─── SUPPLIED MATERIAL

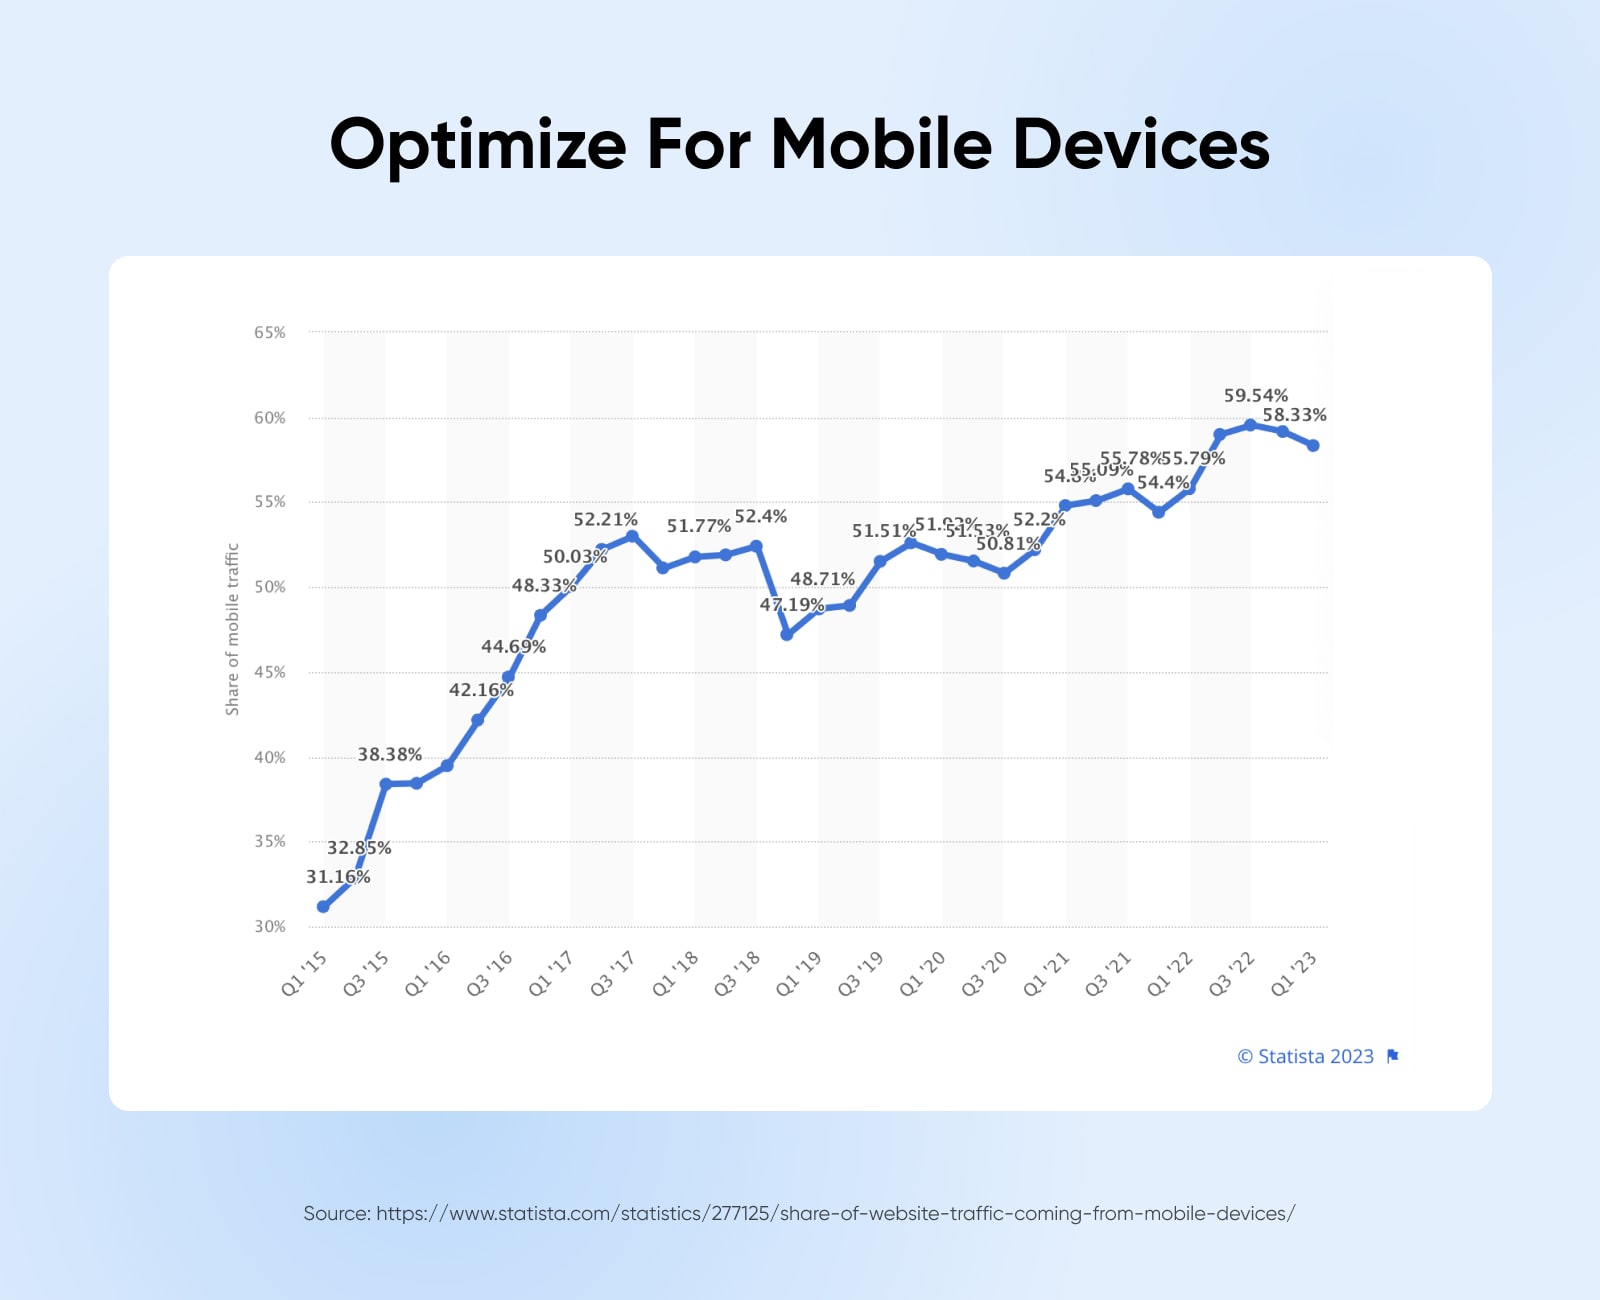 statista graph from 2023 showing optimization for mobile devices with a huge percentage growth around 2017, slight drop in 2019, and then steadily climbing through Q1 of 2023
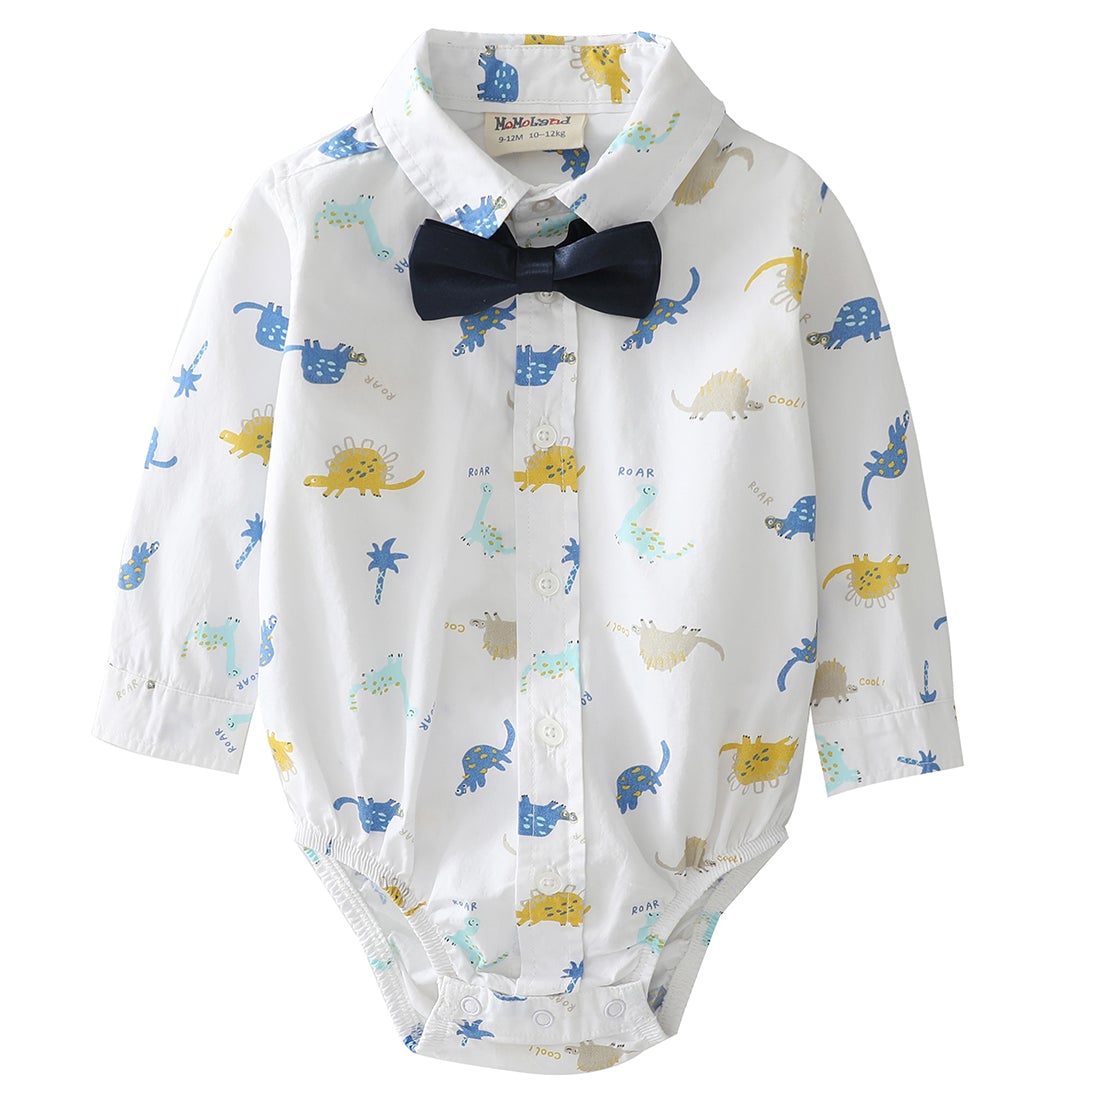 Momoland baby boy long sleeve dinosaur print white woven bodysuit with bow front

──────
─── SUPPLIED MATERIAL

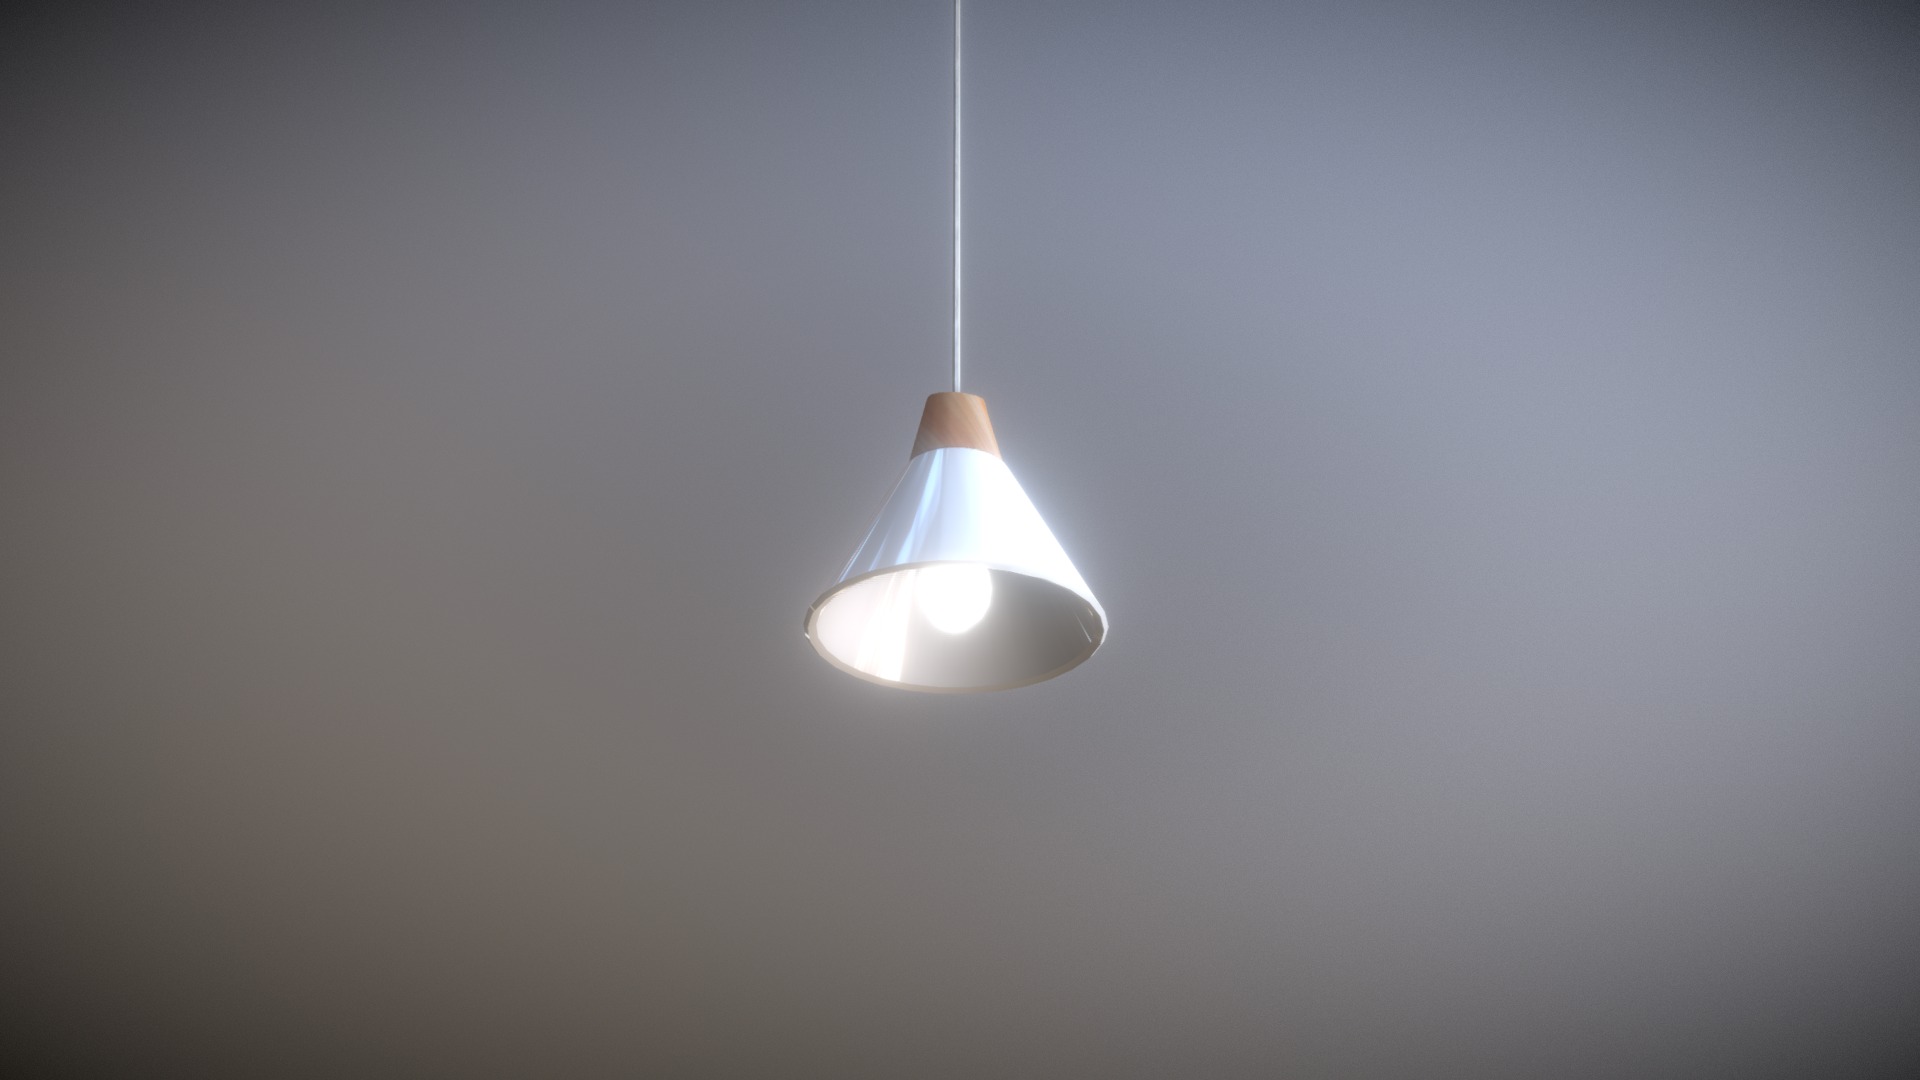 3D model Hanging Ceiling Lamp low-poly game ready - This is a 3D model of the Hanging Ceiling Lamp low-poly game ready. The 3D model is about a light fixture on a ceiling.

──────
─── SUPPLIED MATERIAL

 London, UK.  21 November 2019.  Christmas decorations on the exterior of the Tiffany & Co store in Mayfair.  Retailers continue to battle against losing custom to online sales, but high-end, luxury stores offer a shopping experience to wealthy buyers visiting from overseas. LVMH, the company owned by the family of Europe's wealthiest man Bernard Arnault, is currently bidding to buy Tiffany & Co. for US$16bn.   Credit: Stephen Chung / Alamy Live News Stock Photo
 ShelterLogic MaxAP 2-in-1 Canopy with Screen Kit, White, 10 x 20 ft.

──────

Among the lines above, the one with "statista graph from" opens the part to repeat and the one with "Momoland baby boy" closes it; repeat only that part exactly, with no pictures.

## RESULT OF THIS EXERCISE
 statista graph from 2023 showing optimization for mobile devices with a huge percentage growth around 2017, slight drop in 2019, and then steadily climbing through Q1 of 2023
 Momoland baby boy long sleeve dinosaur print white woven bodysuit with bow front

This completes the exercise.